Michael Gove did an awful lot of good for the British education system. His desire to make exams more rigorous, to arrest the race to the bottom being pursued by the exam boards and his disdain for modular educational baby food were all good things. Not only this, but the energy and conviction with which he pursued his reform agenda were deeply impressive.
So long as no one undoes his good work, within a year the scourge of L6 modules will largely be a bad memory. Pupils achieving a grade 9 in their GCSEs will have marked themselves out as seriously gifted and all British teenagers will be gainfully occupied in education at least until the age of 18. For a country trading on its status as a 'knowledge economy' with a workforce educated to match this will be a good place to be.
But Mr Gove's most eloquent detractors rightly identify a flaw in his plans. Whilst they represent excellent provision for those of an academic disposition provision remains patchy and inadequate for those turned off by traditional school work. Part of the problem has to do with the status non-academic routes into work are accorded in the national psyche.
The much-vaunted knowledge economy also needs people skilled in what used, rather pejoratively, to be called the 'trades'. We need to develop the equivalent of the German Berufsschule to train up the highly skilled tradespeople of the future. The sloppy diet of 'ed-lite' courses currently offered in many sixth form colleges won't do. People who have been failed by the system, leaving school with few or no GCSEs are being further let down by low-quality vocational training.

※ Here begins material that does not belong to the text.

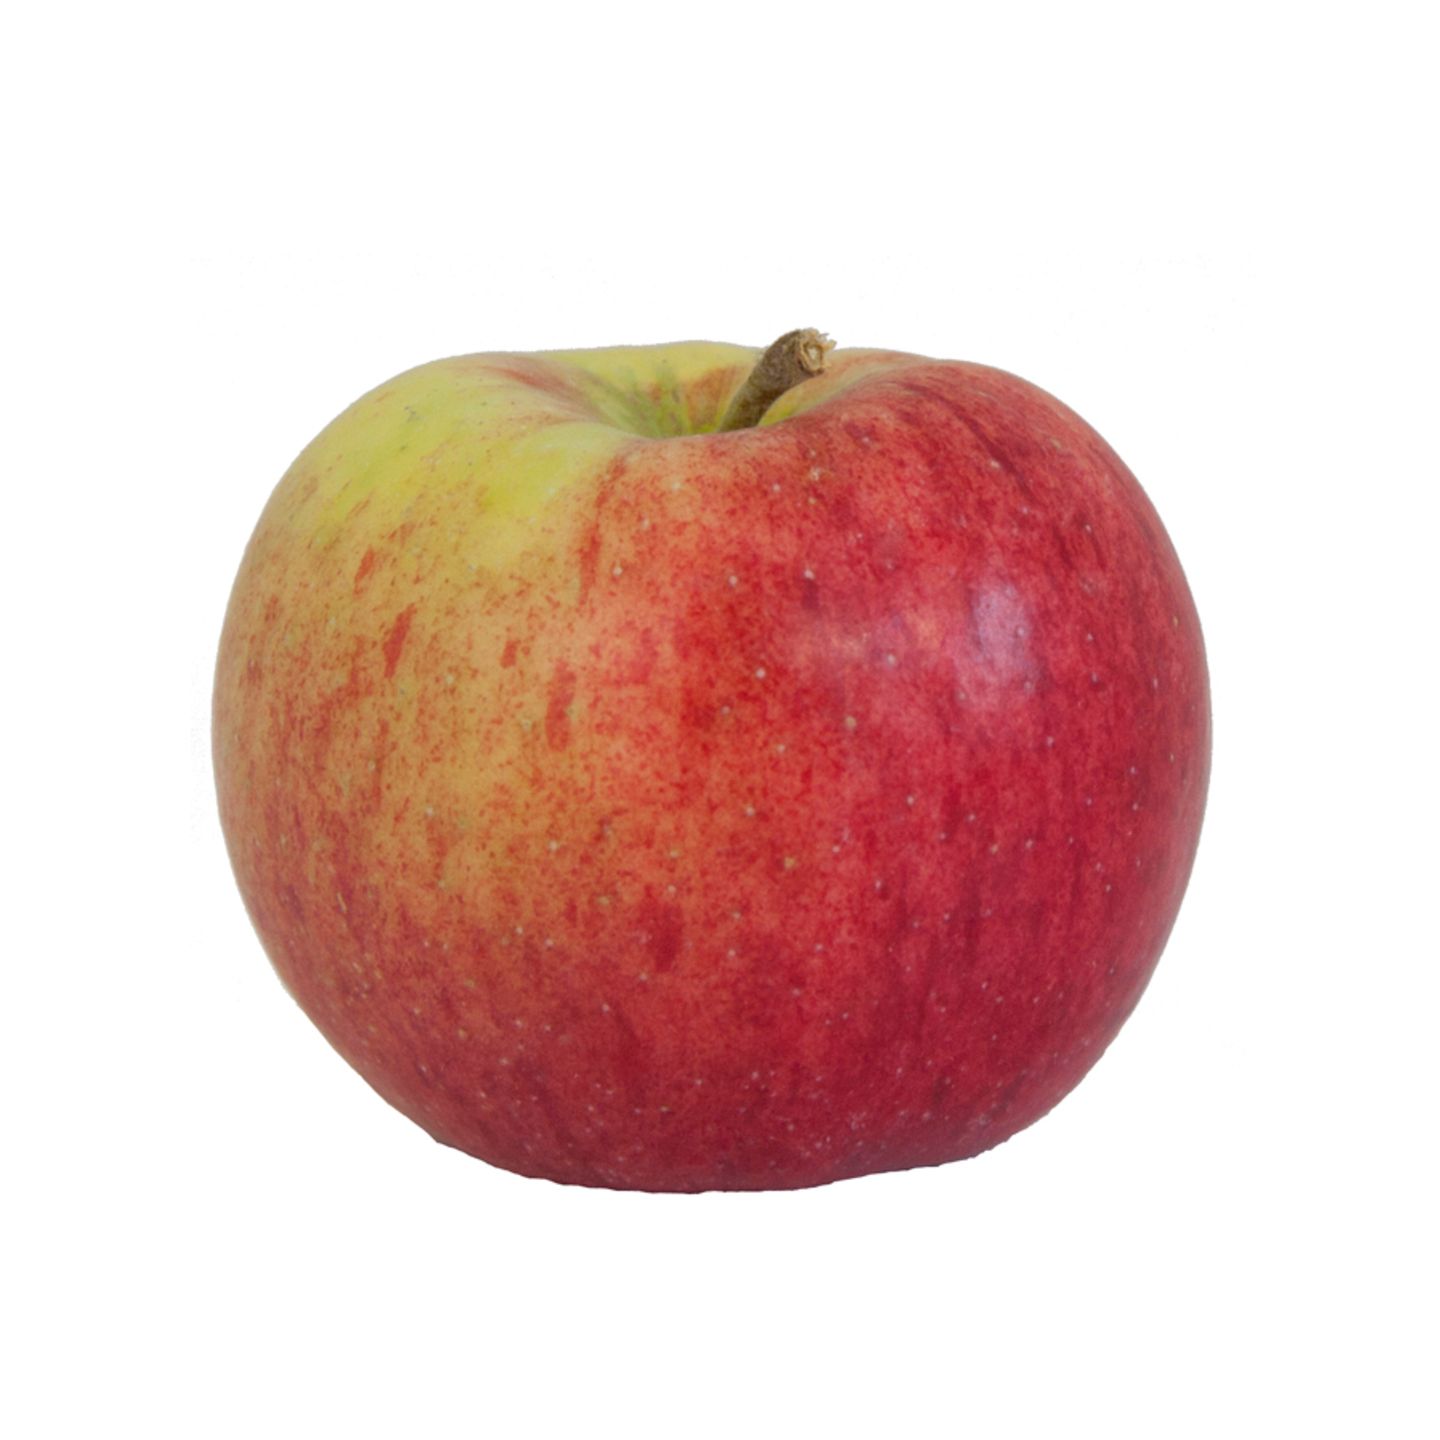 Kleines Apfel-ABC: 10 Apfelsorten.
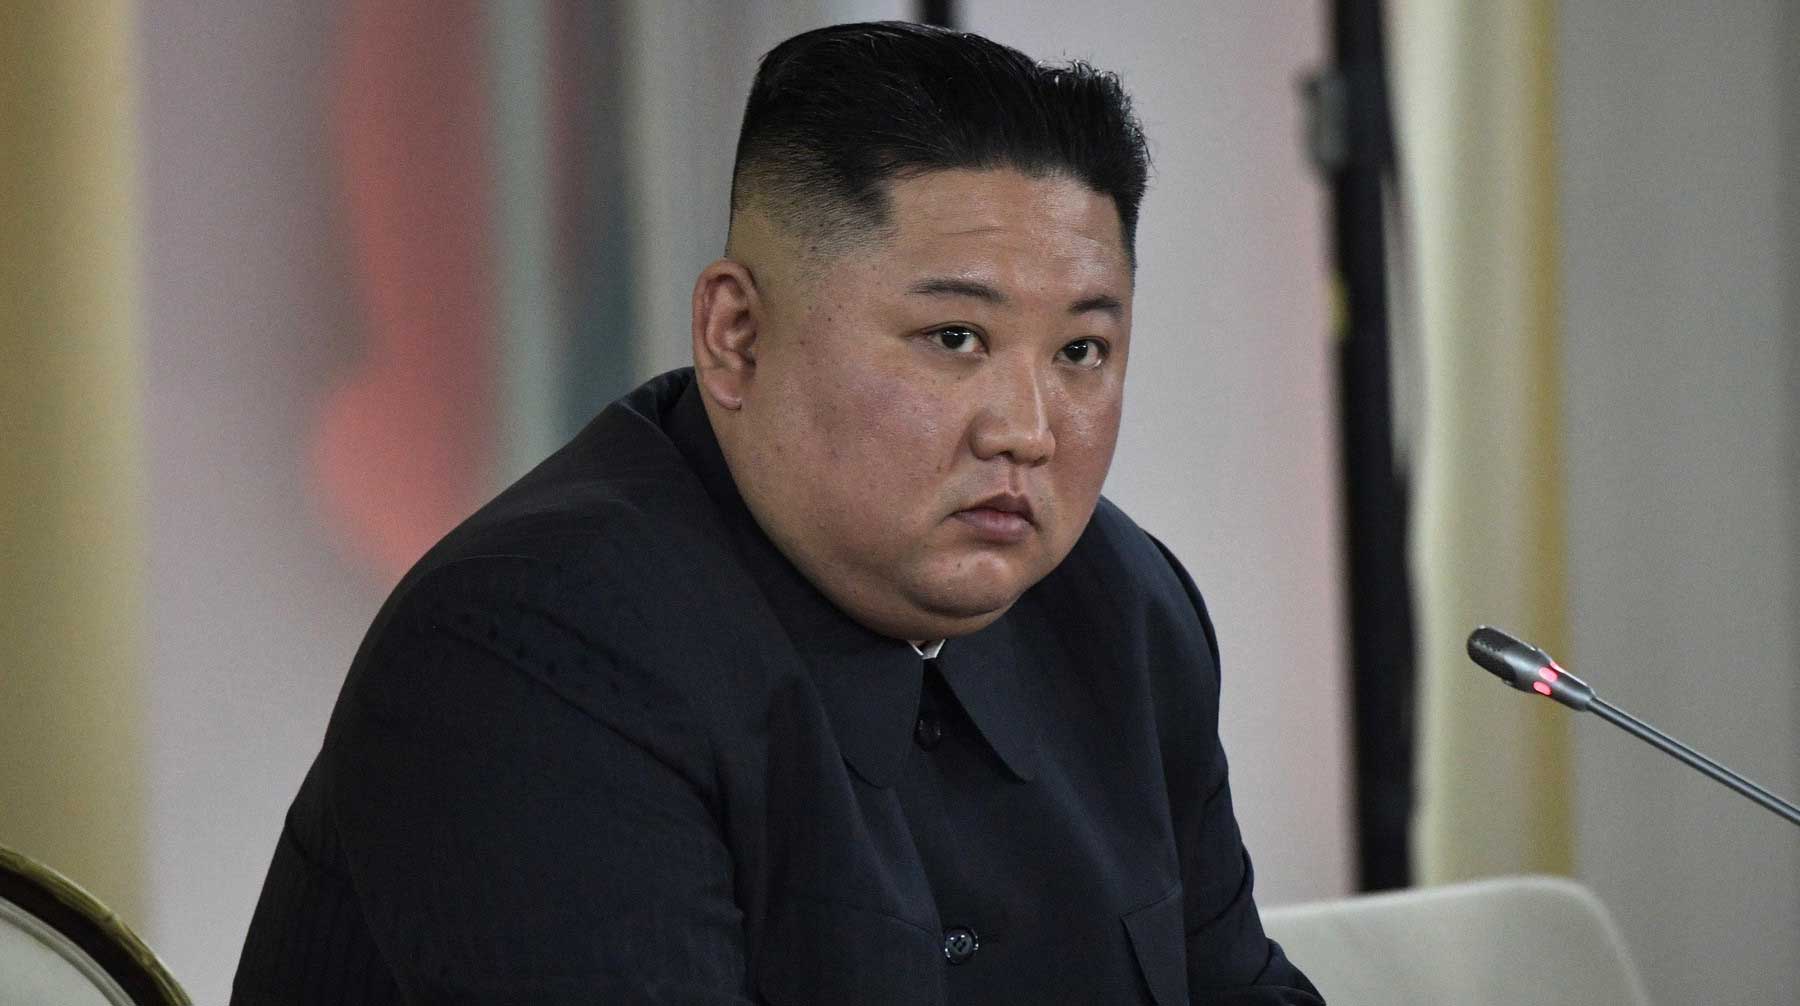 Пресс-секретарь президента РФ отметил высокий уровень подготовленности северокорейского главы Фото: © GLOBAL LOOK press / Kremlin Pool

The biggest change that needs to happen though is in the minds of parents - the worst of whom, sadly, send their children to private school. There needs to be an acceptance that not every child is destined to be a high court judge, doctor or a university professor but that those don't enter the professions are equally valued by society and remunerated as such. Taking vocational training much more seriously would be a step in the right direction.